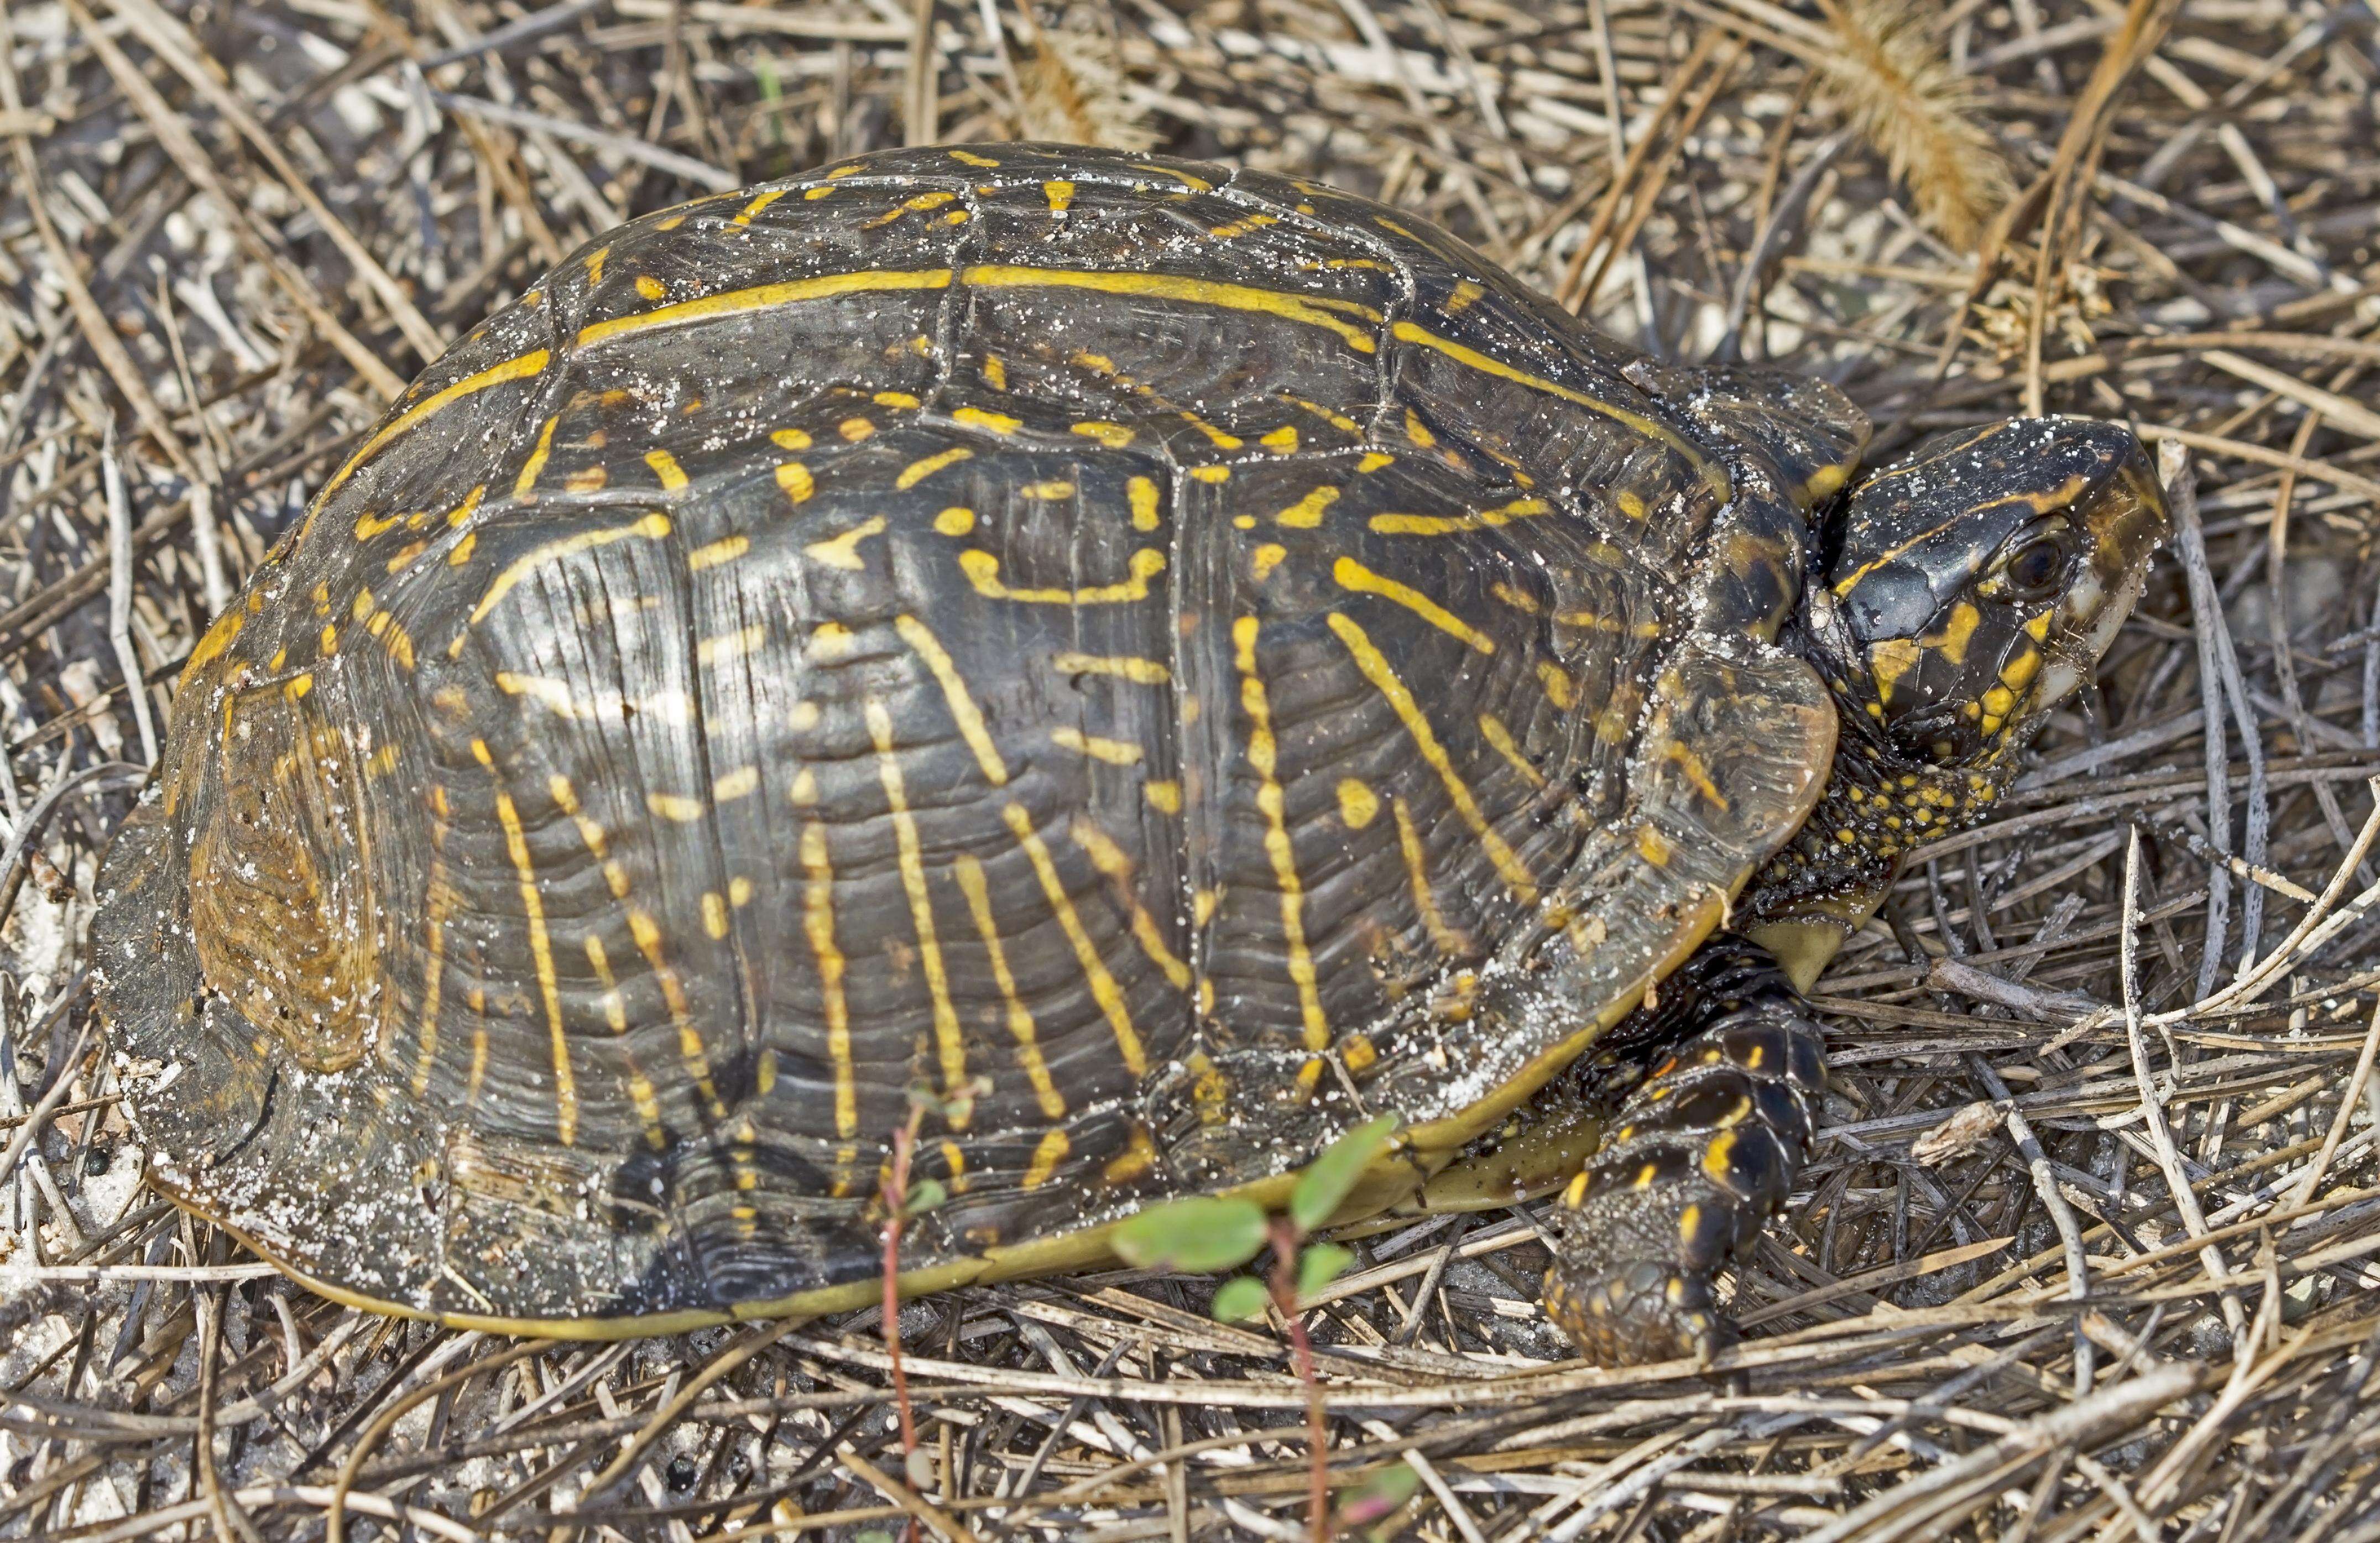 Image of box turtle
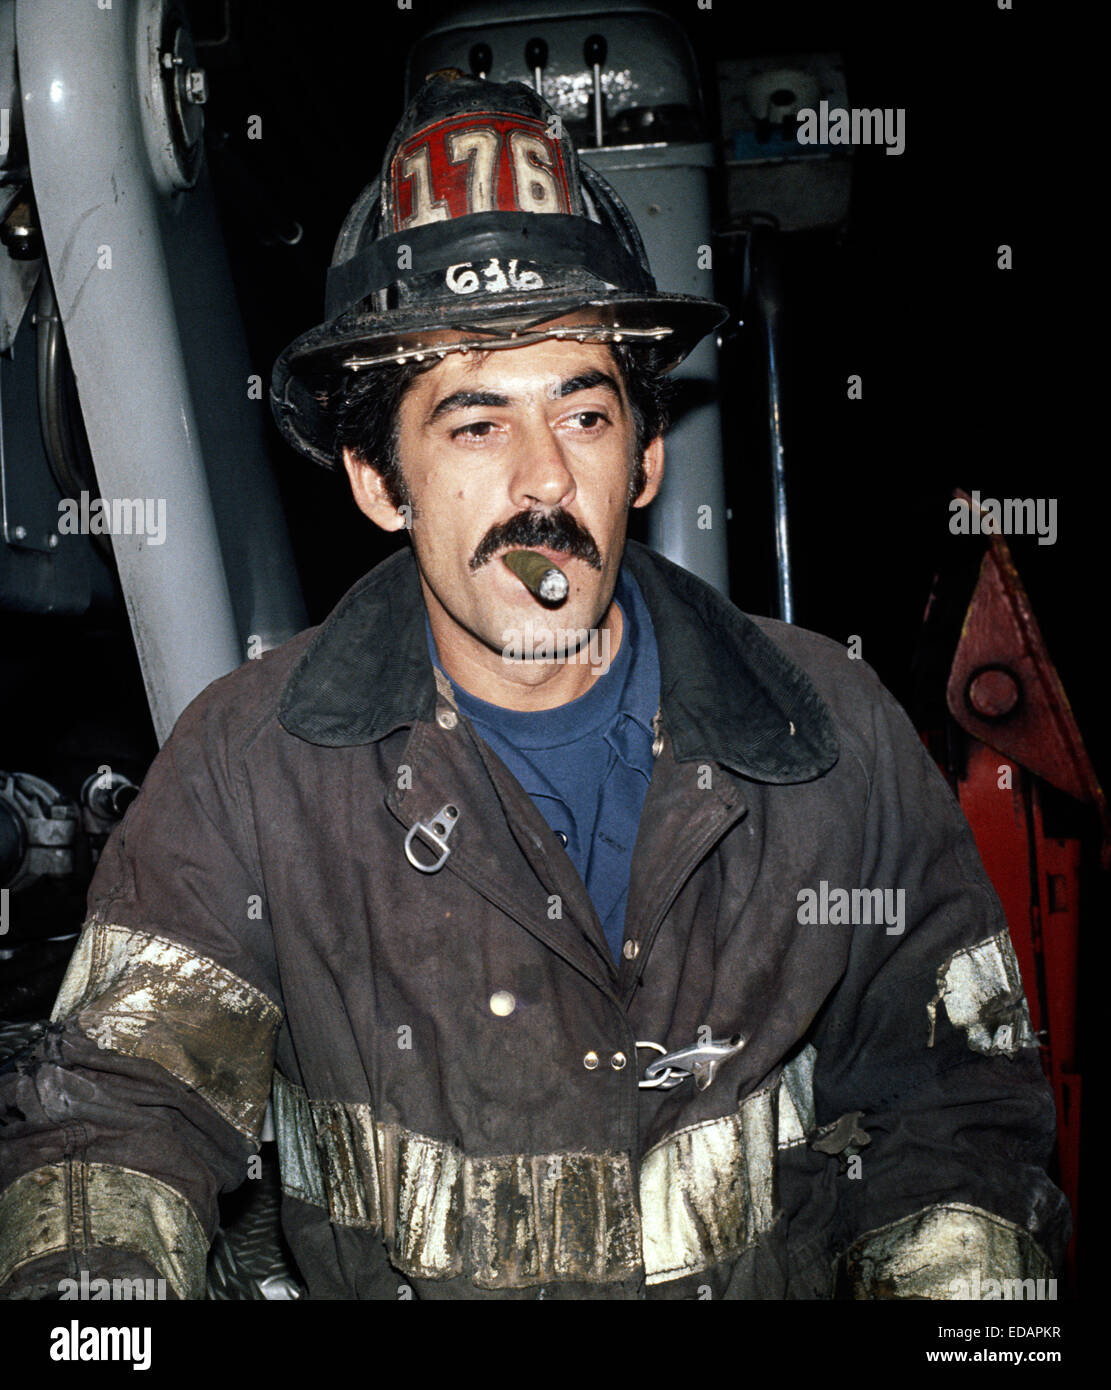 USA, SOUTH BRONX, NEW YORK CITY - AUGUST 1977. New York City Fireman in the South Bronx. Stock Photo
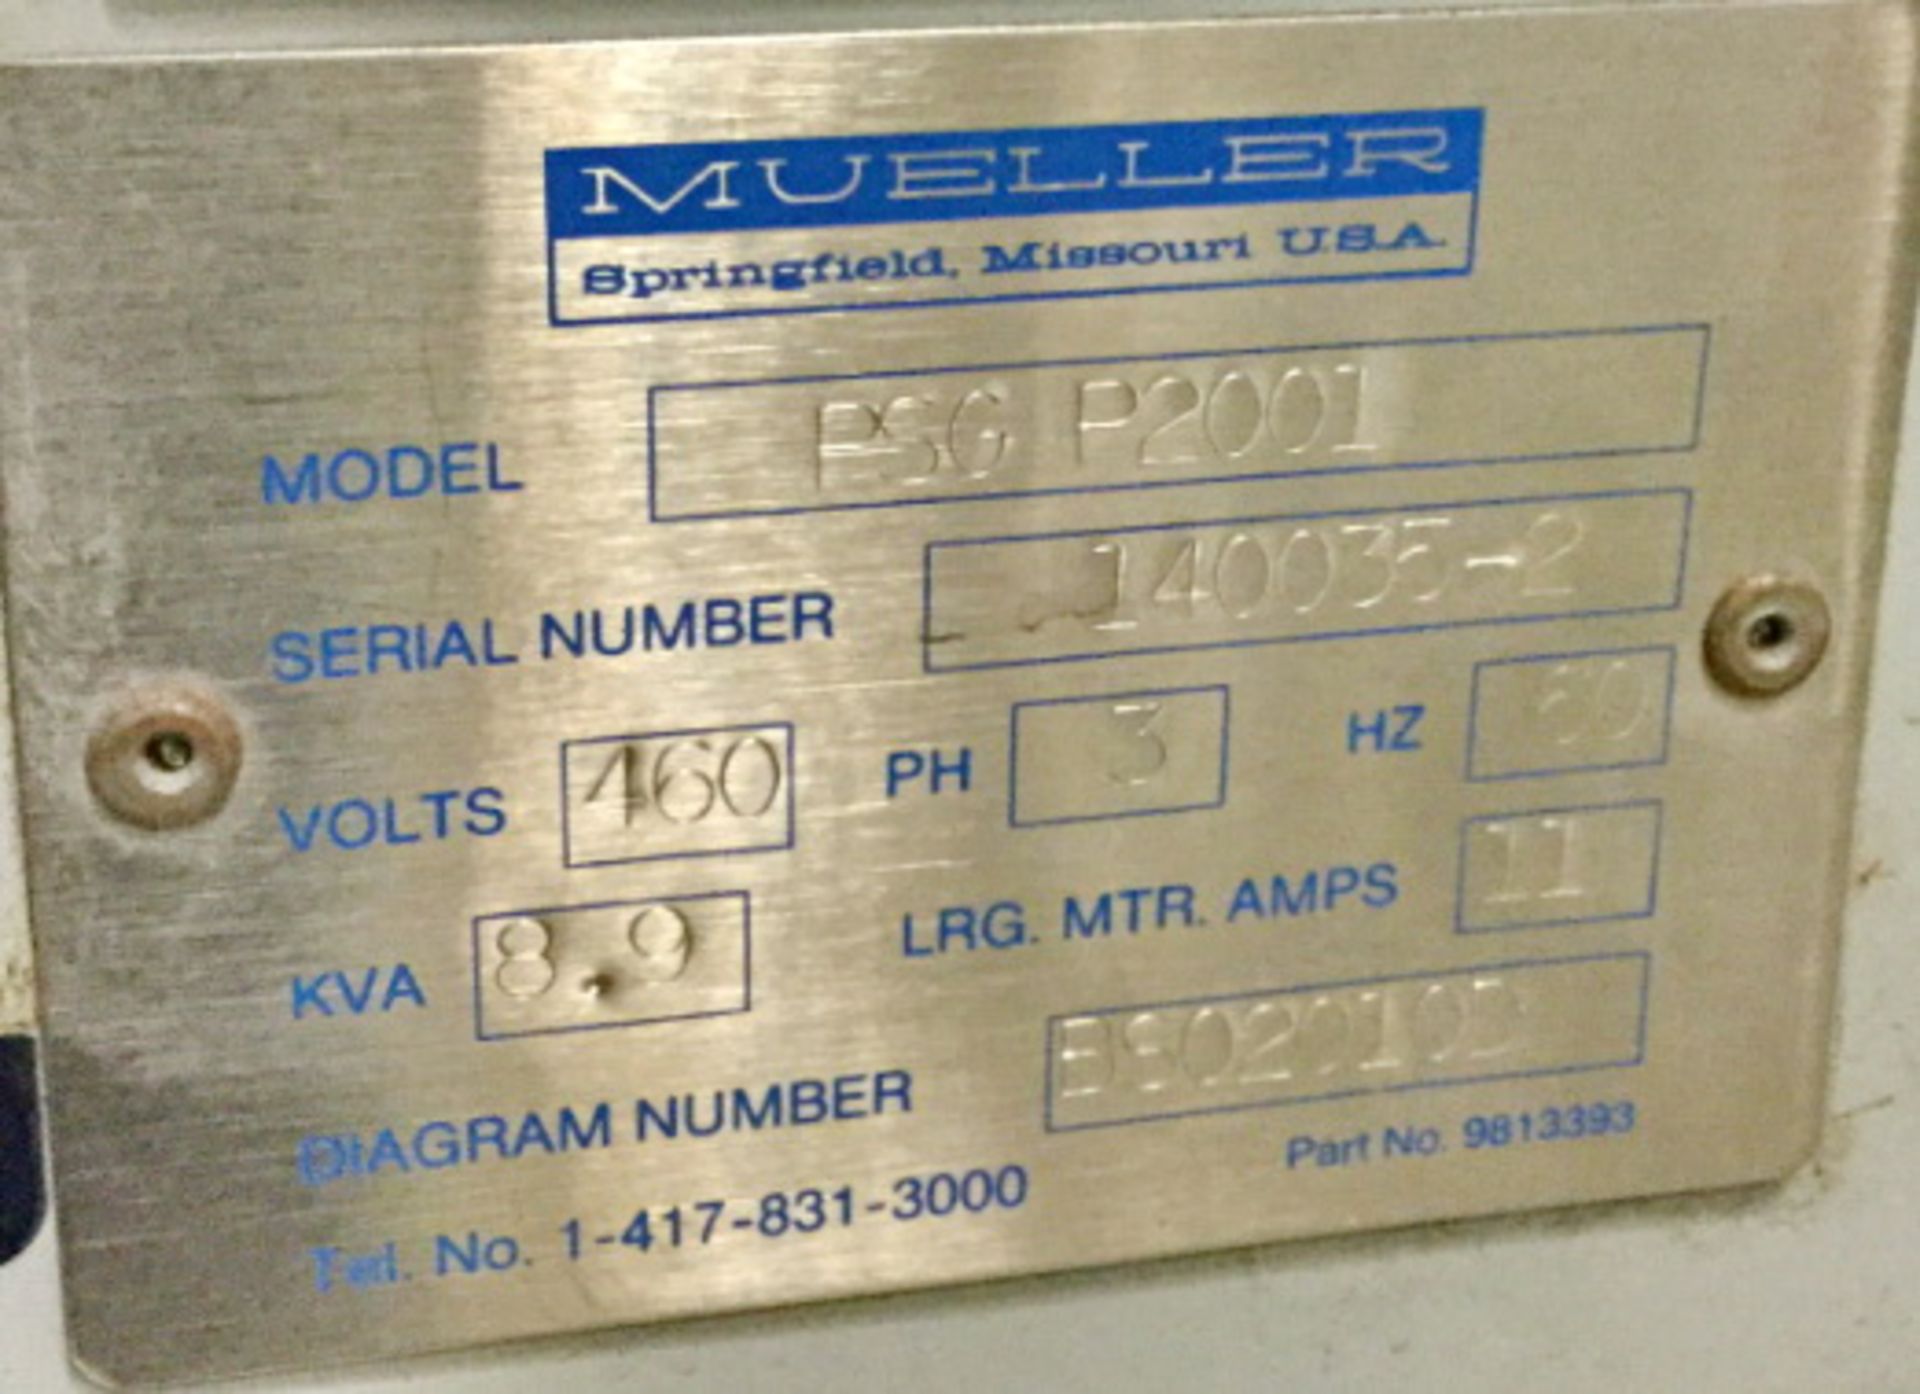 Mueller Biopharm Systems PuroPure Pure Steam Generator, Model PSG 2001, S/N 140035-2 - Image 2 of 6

Task to carry out —
Leaving every picture out, please copy exactly the lines from the one holding "USA, SOUTH BRONX, NEW" through the last line of the listing, both ends included.

Task output —
 USA, SOUTH BRONX, NEW YORK CITY - AUGUST 1977. New York City Fireman in the South Bronx. Stock Photo
 Mueller Biopharm Systems PuroPure Pure Steam Generator, Model PSG 2001, S/N 140035-2 - Image 2 of 6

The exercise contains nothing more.